Assignment:
Your task is to copy the data exactly while leaving out every picture.

Given data:

= = = = =

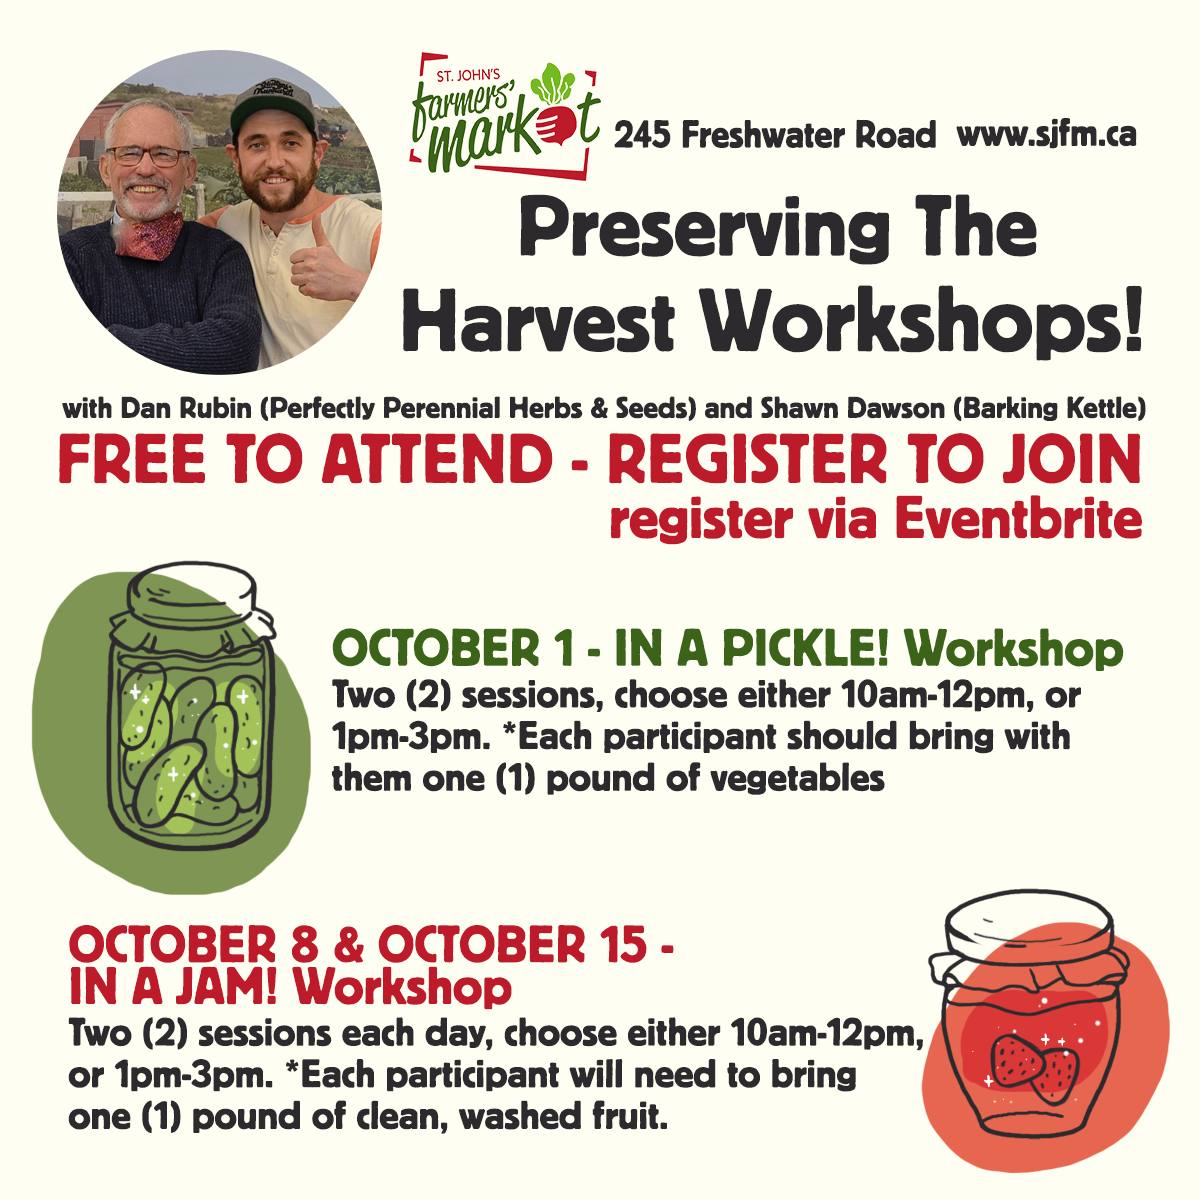 In a Pickle! - A Pickling Workshop at the St. John's Farmers' Market
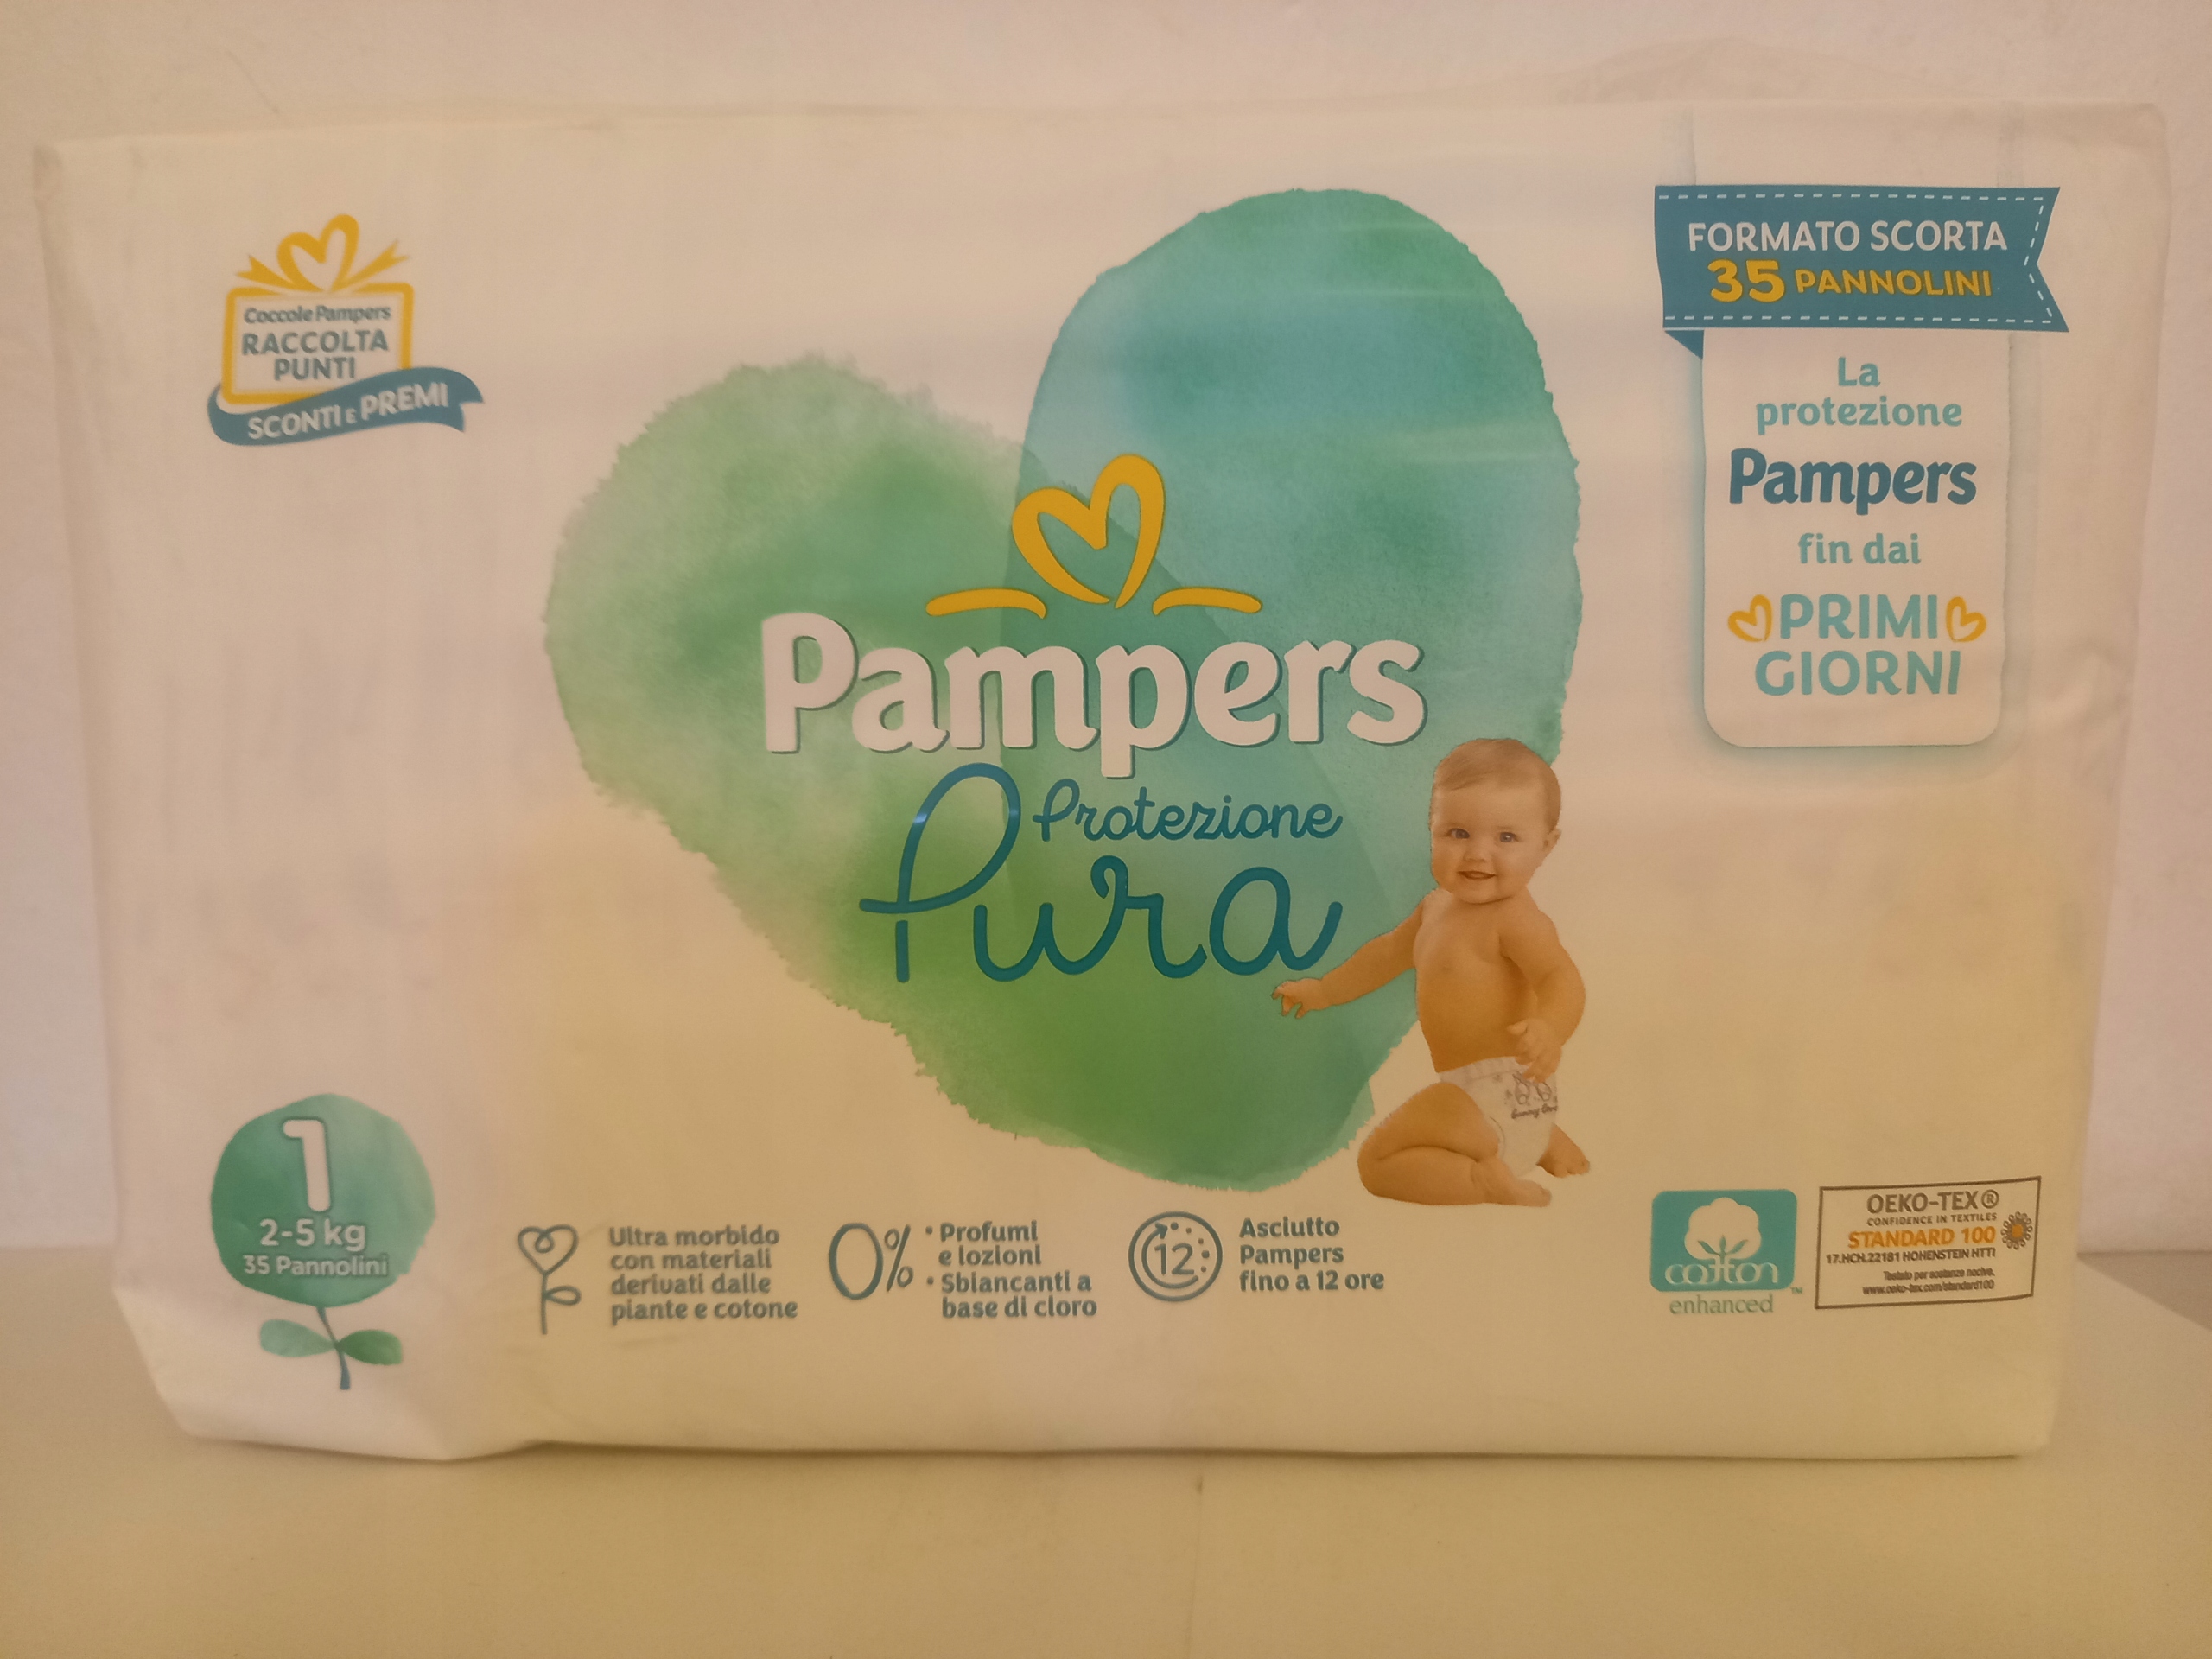 pampers easy ups girls size 6
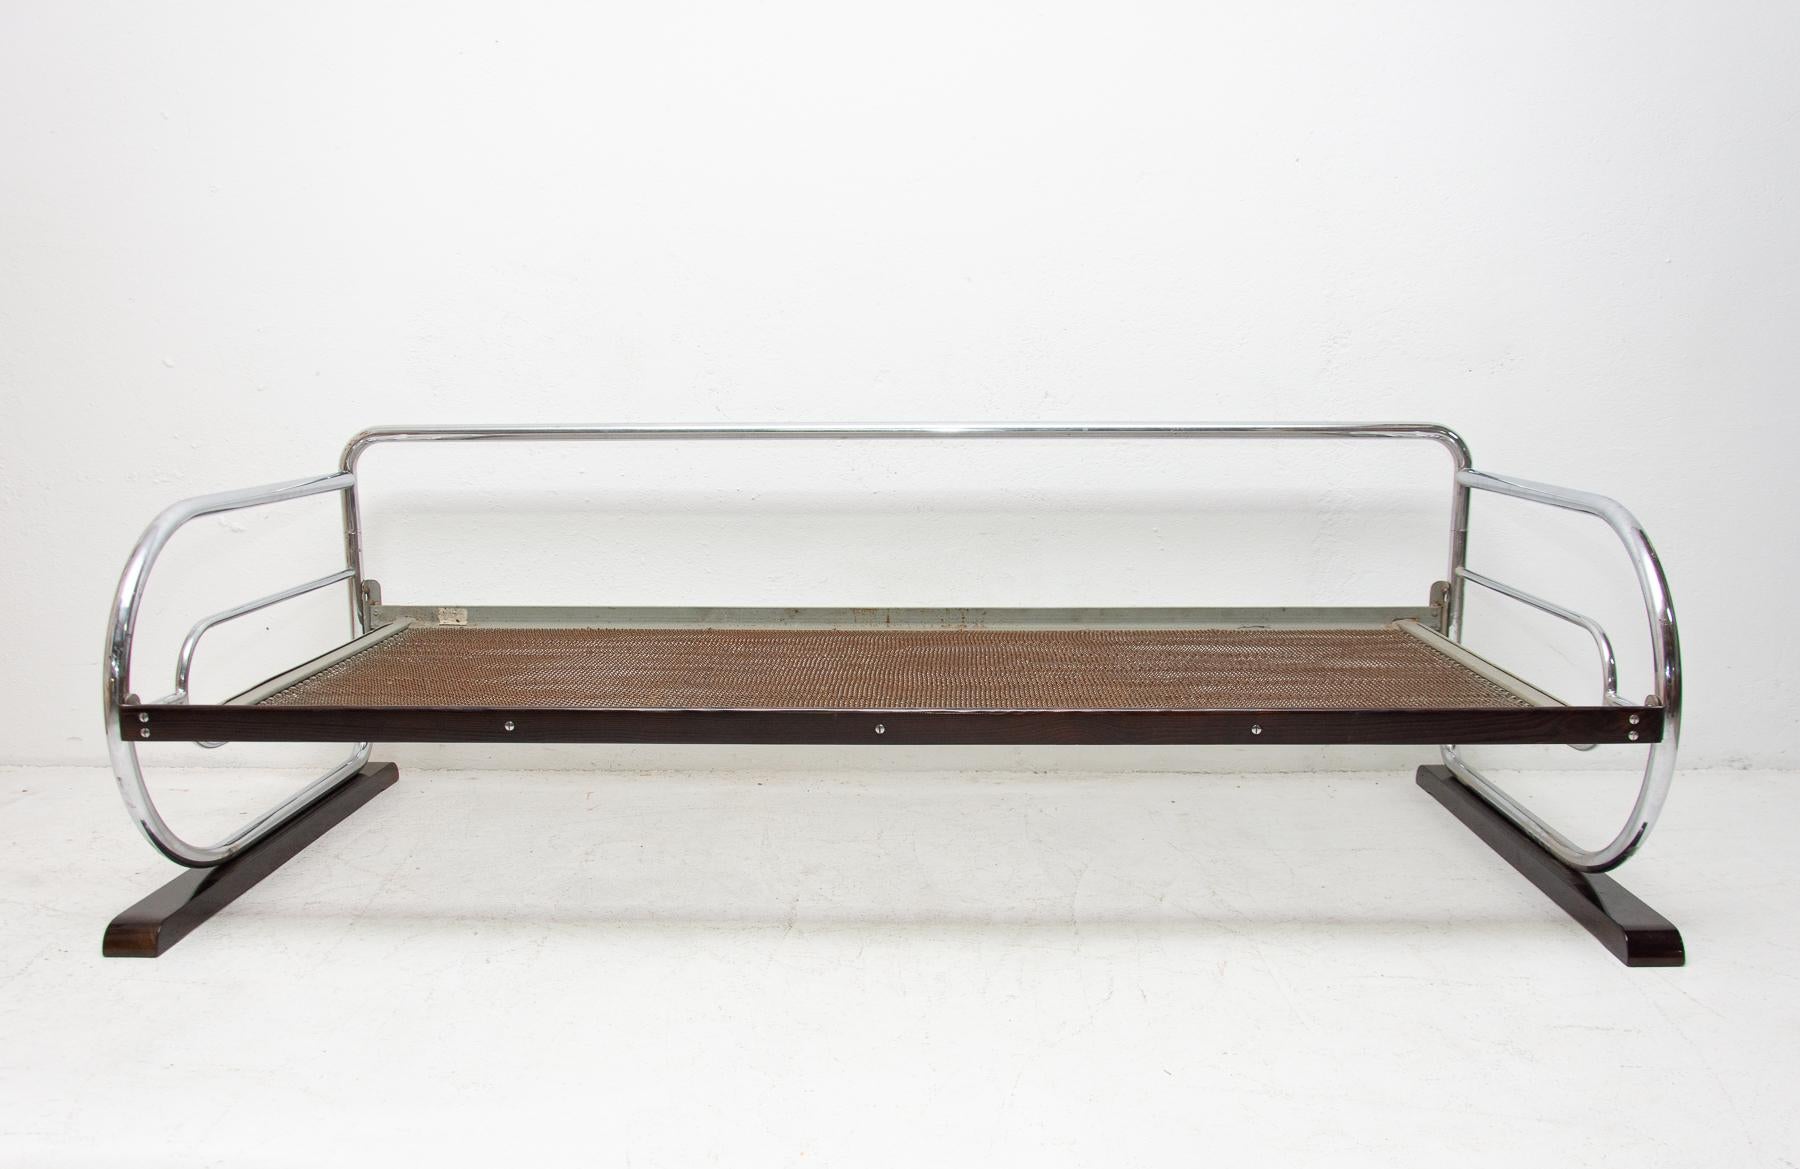 Chromed, tubular steel sofa from the Bauhaus period, 1930s, Bohemia. Made by Robert Slezák company. Chrome is in good vintage condition, bears signs of aging and use, but overall in very good condition. It has two wooden legs in the shape of a ski.

= = = = =

Answer box:
 In a Pickle! - A Pickling Workshop at the St. John's Farmers' Market
 pampers easy ups girls size 6
 Chromed, tubular steel sofa from the Bauhaus period, 1930s, Bohemia. Made by Robert Slezák company. Chrome is in good vintage condition, bears signs of aging and use, but overall in very good condition. It has two wooden legs in the shape of a ski.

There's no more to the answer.